On his HealthNewsReview blog earlier this week, health news watchdog and former University of Minnesota journalism professor Gary Schwitzer takes local TV station KARE-11 to task for its “Drive Against Prostate Cancer” mobile screening van that it set up this year outside the KARE-11 building at the Minnesota State Fair.

The drive is “well-intentioned,” Schwitzer writes, “but [prostate screening is] not as simple an idea as the TV station marketing people probably think it is.”

Now, if KARE really cared about the issue, it would have a shared decision-making booth at the entrance to the screening van. Because prostate cancer screening isn’t simply a matter of “Drop the corn dog, cheese curds or hot-dish-on-a-stick and have a PSA test.” But that’s the way it comes across in the setting of mass screening on the fairgrounds.

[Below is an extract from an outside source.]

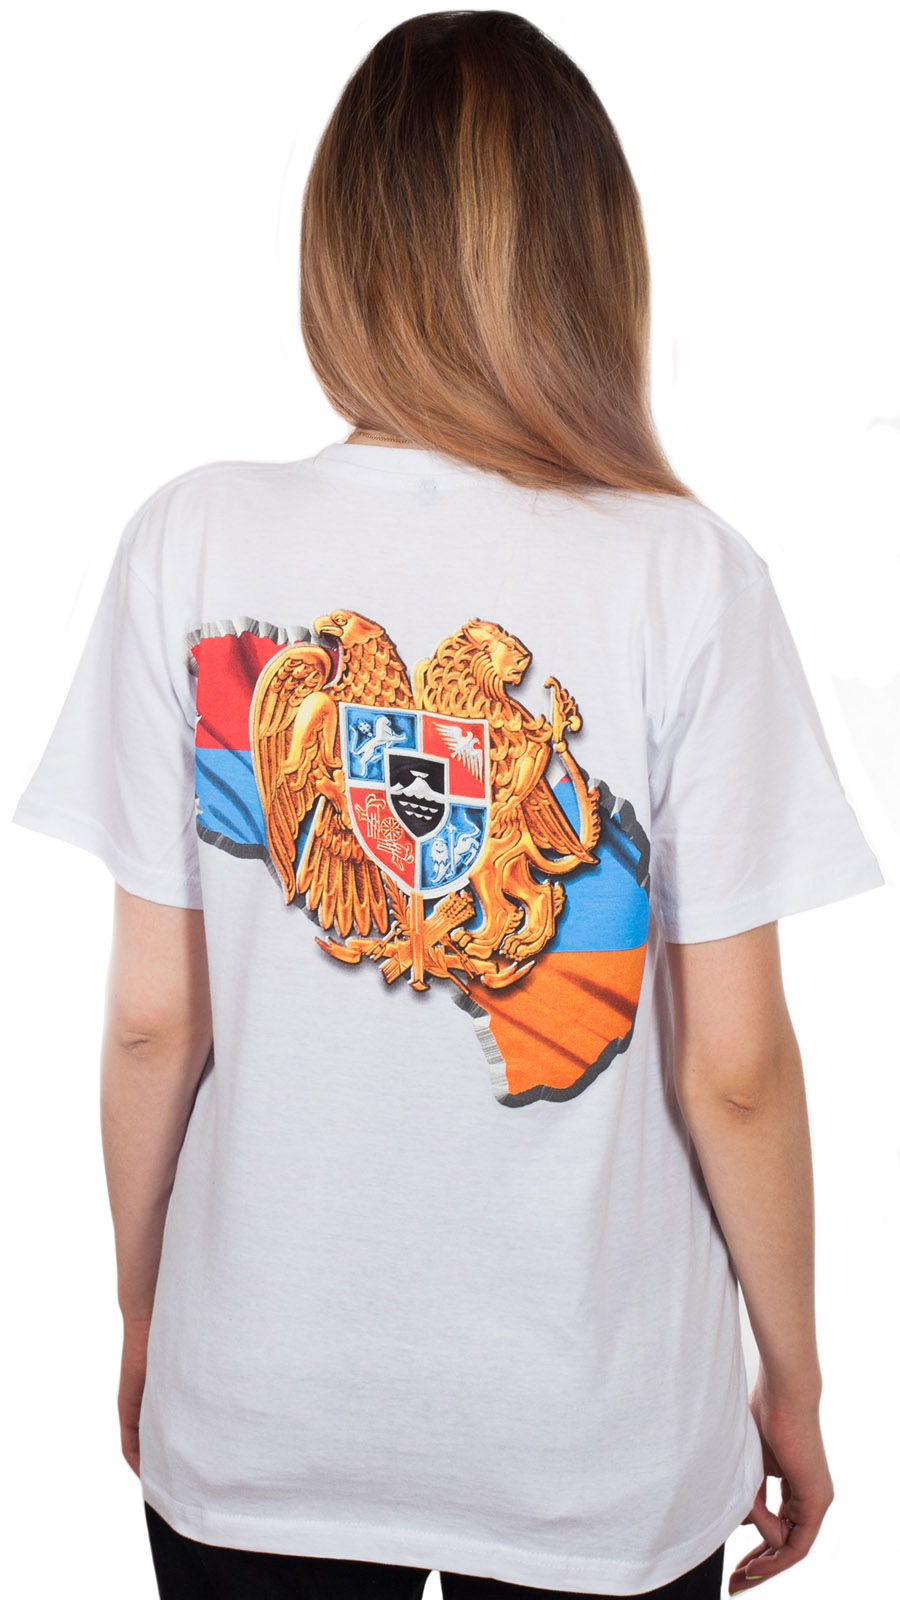 Купить подарок на 23 февраля – в наличии оригинальные футболки по цене 100 рублей!

There are a few things a man should think about seriously before rolling up his sleeve for the supposedly “simple” blood test.

But here, prostate cancer screening is hawked in the same setting as the modern-day carnies pitching their slice-’em-and-dice-’em devices and inventions you only see at the state fair — “only at this price today!”

Schwitzer supplies a link to a video of an interview last fall with Dr. Otis Brawley, the chief medical officer of the American Cancer Society. Brawley has long been outspoken on the issue of prostate cancer screening:

I’m very concerned. There’s a lot of publicity out there — some of it by people who want to make money by recruiting patients — that oversimplifies this — that says that ‘prostate cancer screening clearly saves lives.’ That is a lie. We don’t know that for sure…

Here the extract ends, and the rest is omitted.